Calamophyton did not have leaves, but rather small branches consisting of twig-like structures that grew only at or near the trunk apex, and which were the site of photosynthesis for the plant. As the trunk grew, the lower branches would be shed; a mature tree might in the course of its growth shed as many as 700 to 800 branches, creating a thick carpet of decaying twigs on the ground below, with few understory plants observed. Where other cladoxylopsids shed their branches smoothly, Calamophyton left small stubs behind on the trunk.

The root system consisted of several hundred to more than a thousand strap-like roots of 2–6 mm in diameter and, for the larger trunks, in excess of 300 mm in length. (Note: Root dimensions given here are based on the specimens of up to 2 metres in height.) The roots were approximately straight, undivided, and extended almost directly downward into the soil. The fossil record indicates that in spite of their small diameter, they were stiff and hardy. Calamophyton reproduced not by seeds, but via spores, one of several characteristics suggesting a relationship with the Pteridophyta.
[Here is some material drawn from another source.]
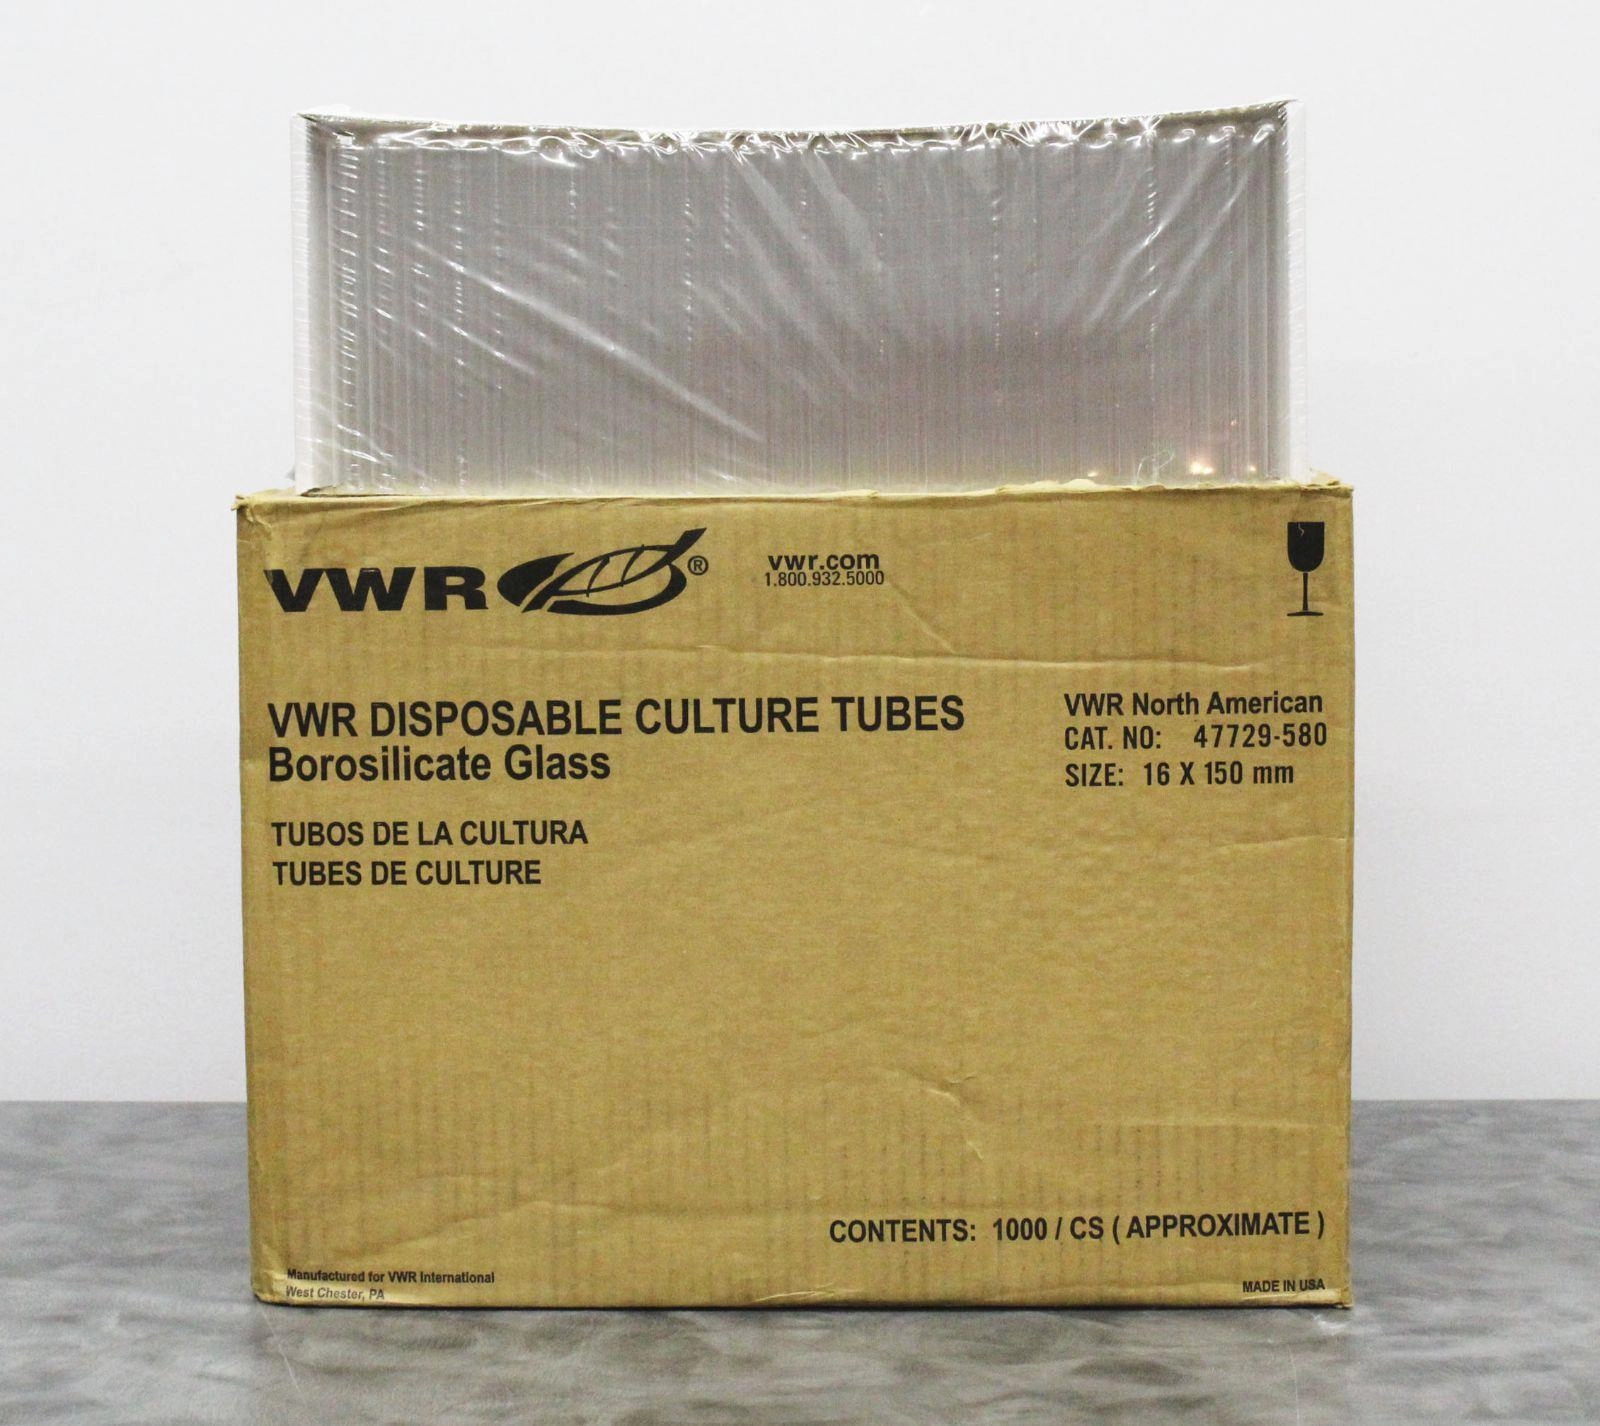 NEW VWR 30825-443 Disposable Culture Tubes Lime Glass 18x150 mm Case of 500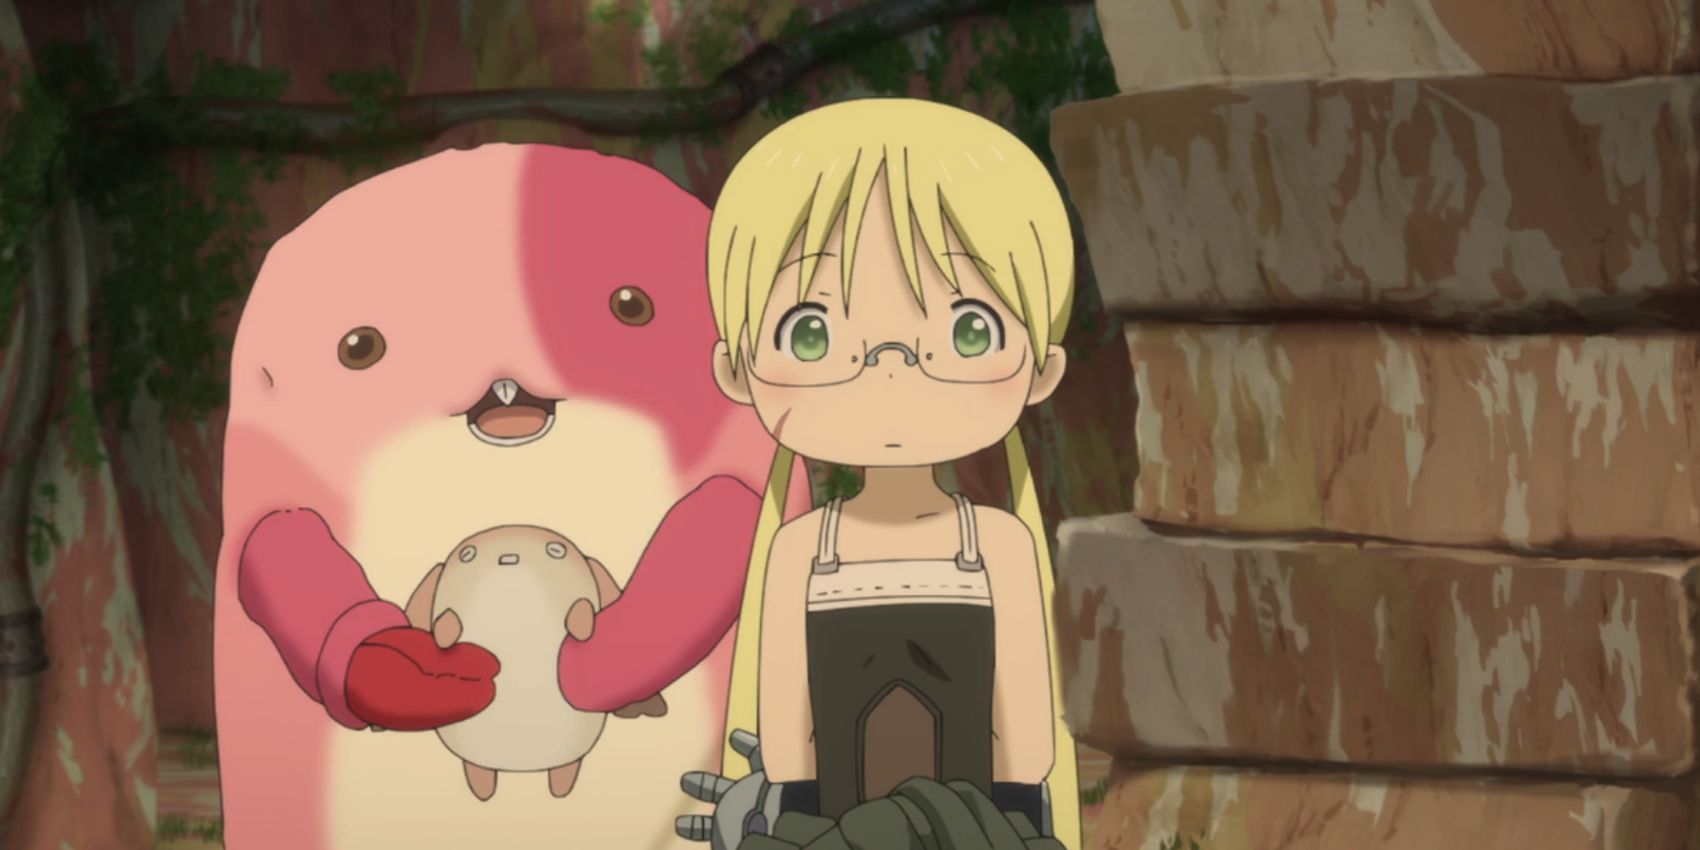 Episode 5 - Made in Abyss: The Golden City of the Scorching Sun

== Earliest-known forest ==
In March 2024, paleontologists reported the discovery of an intact fossil forest of Calamophyton trees in the Hangman Sandstone Formation at Minehead, Somerset, England. As of the reporting date, it is the earliest forest yet discovered. At an age of 390 million years, the forest pre-dates the previously oldest-known example—a root system probably belonging to Archaeopteris, discovered in 2009 near Cairo, New York—by about four million years. In the Middle Devonian period, when the Calamophyton forest was alive, the Somerset region was adjacent to Germany and Belgium.

According to Christopher Berry, one of the scientists involved in the discovery, the preservation of the Calamophyton fossil forest, with trees still in the positions where they grew, allows a direct, and unprecedented, examination of the local ecology. Of particular interest is the sedimentary system, in which the plants are seen capturing and stabilizing fluvial sediments.